Studio City Finance Limited Announces Proposed Senior Notes Offering and Conditional Tender Offer

Central, HONG KONG


MACAU, Jan. 04, 2021 (GLOBE NEWSWIRE) -- Studio City Finance Limited (“Studio City Finance”) today announces that it proposes to conduct an international offering of senior notes (the “New Notes” and such offering, the “Notes Offering”). Studio City Finance is a wholly-owned subsidiary of Studio City International Holdings Limited (“SCIHL”).

The New Notes are proposed to be general obligations of Studio City Finance, ranking equally with all of Studio City Finance’s existing and future senior indebtedness. The New Notes are proposed to be guaranteed by all of Studio City Finance’s existing restricted subsidiaries on a senior basis (the “Note Guarantees”). SCIHL will not be a guarantor of the New Notes.

The interest rate and other terms of the New Notes will be determined at the time of pricing of the Notes Offering. Completion of the proposed Notes Offering of the New Notes is subject to market conditions and investor interest. As no binding agreement in relation to the proposed Notes Offering of the New Notes has been entered into as at the date of this press release, the proposed New Notes may or may not be issued.

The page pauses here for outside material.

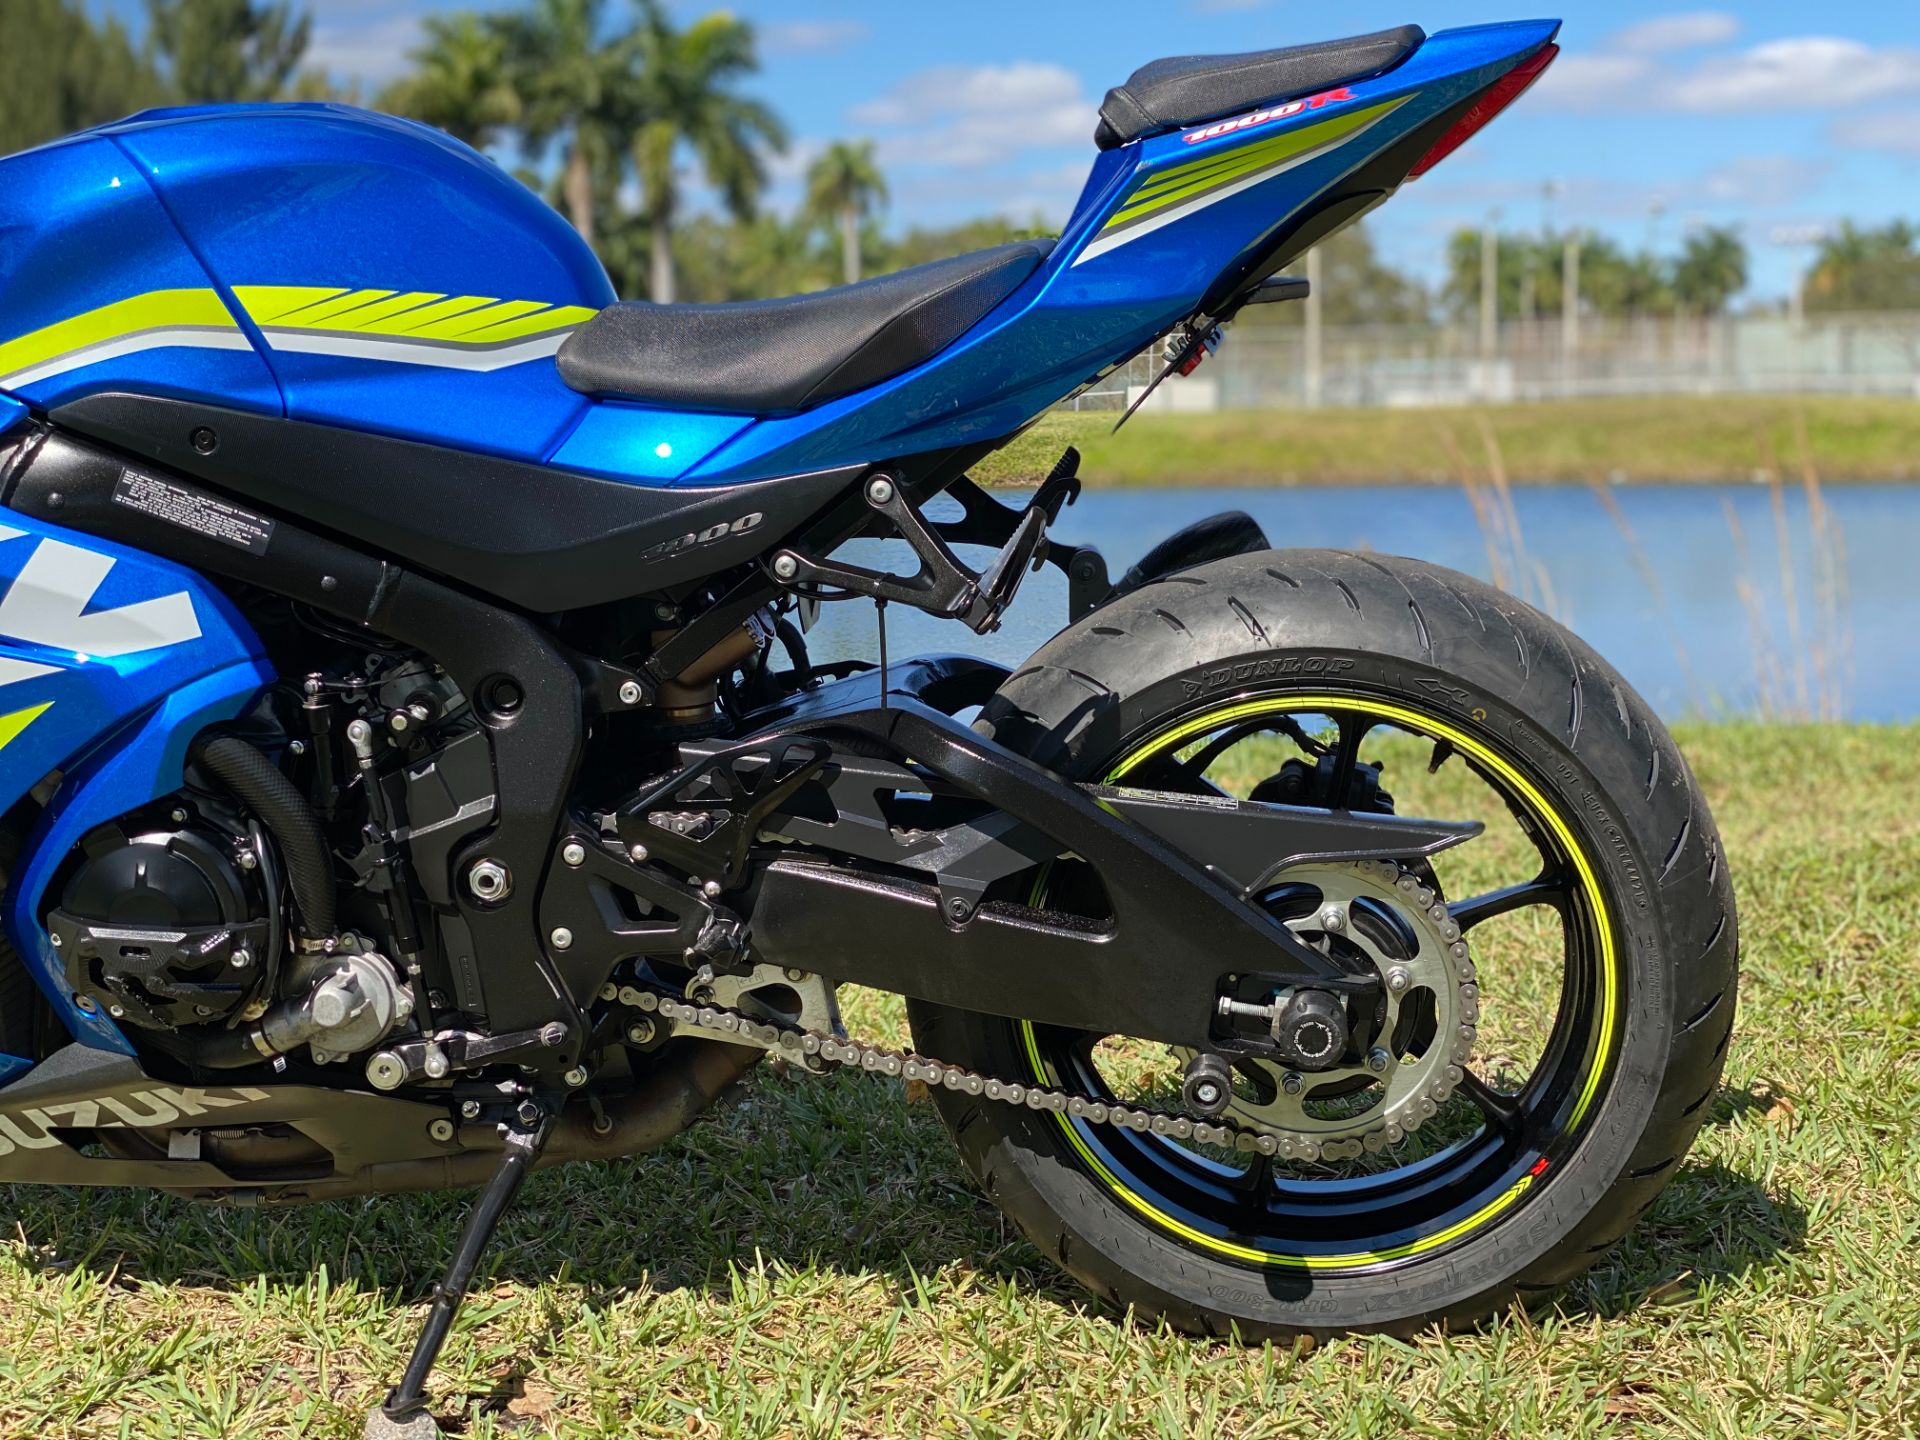 2017 Suzuki GSX-R1000R in North Miami Beach, Florida - Photo 21

Studio City Finance today also announces that it has initiated a conditional cash tender offer for any and all of its outstanding 7.250% senior notes due 2024 (CUSIP Numbers 86389QAB8 and G85381AB0; ISIN US86389QAB86 and USG85381AB09) (the “2024 Notes” and such conditional tender offer, the “Conditional Tender Offer”). The Conditional Tender Offer is conditional upon, among other things, the receipt by Studio City Finance of net proceeds from the successful completion of one or more debt financing transactions (including the Notes Offering) in an aggregate amount, together with cash on hand, being sufficient to fund the Conditional Tender Offer and the redemption of any 2024 Notes which remain outstanding following the completion of the Conditional Tender Offer and to pay all fees and expenses associated with the foregoing (the “Financing Condition”). The Conditional Tender Offer will expire at 5:00 p.m., New York City time, on January 11, 2021, unless extended or terminated by Studio City Finance (the “Expiration Time”). The settlement of the Conditional Tender Offer (the “Tender Offer Settlement Date”) is expected to occur, subject to the satisfaction or waiver of the Financing Condition, on January 14, 2021. Studio City Finance has reserved the right to extend, amend or terminate the Conditional Tender Offer at any time in its sole discretion. The Conditional Tender Offer is being made pursuant to an Offer to Purchase dated January 4, 2021 (the “Offer to Purchase”) and the related Notice of Guaranteed Delivery.

The consideration for each US$1,000 principal amount of the 2024 Notes will be US$1,039.20 (the “Offer Consideration”). Notes will be accepted only in minimum denominations of US$200,000 and integral multiples of US$1,000 in excess thereof. Subject to the terms and conditions in the Offer to Purchase, Studio City Finance will pay the Offer Consideration to holders who validly tender their 2024 Notes (and do not validly withdraw their 2024 Notes) by the Expiration Time, if such 2024 Notes are accepted for purchase (the date of such payment, the “Payment Date”). 2024 Notes tendered may be withdrawn at any time at or before the earlier of (i) the Expiration Time and (ii) if the Conditional Tender Offer is extended, the tenth business day after commencement of the Conditional Tender Offer. Notes may also be validly withdrawn at any time after the 60th business day after commencement of the Conditional Tender Offer if for any reason the Conditional Tender Offer has not been consummated within 60 business days after commencement of the Conditional Tender Offer.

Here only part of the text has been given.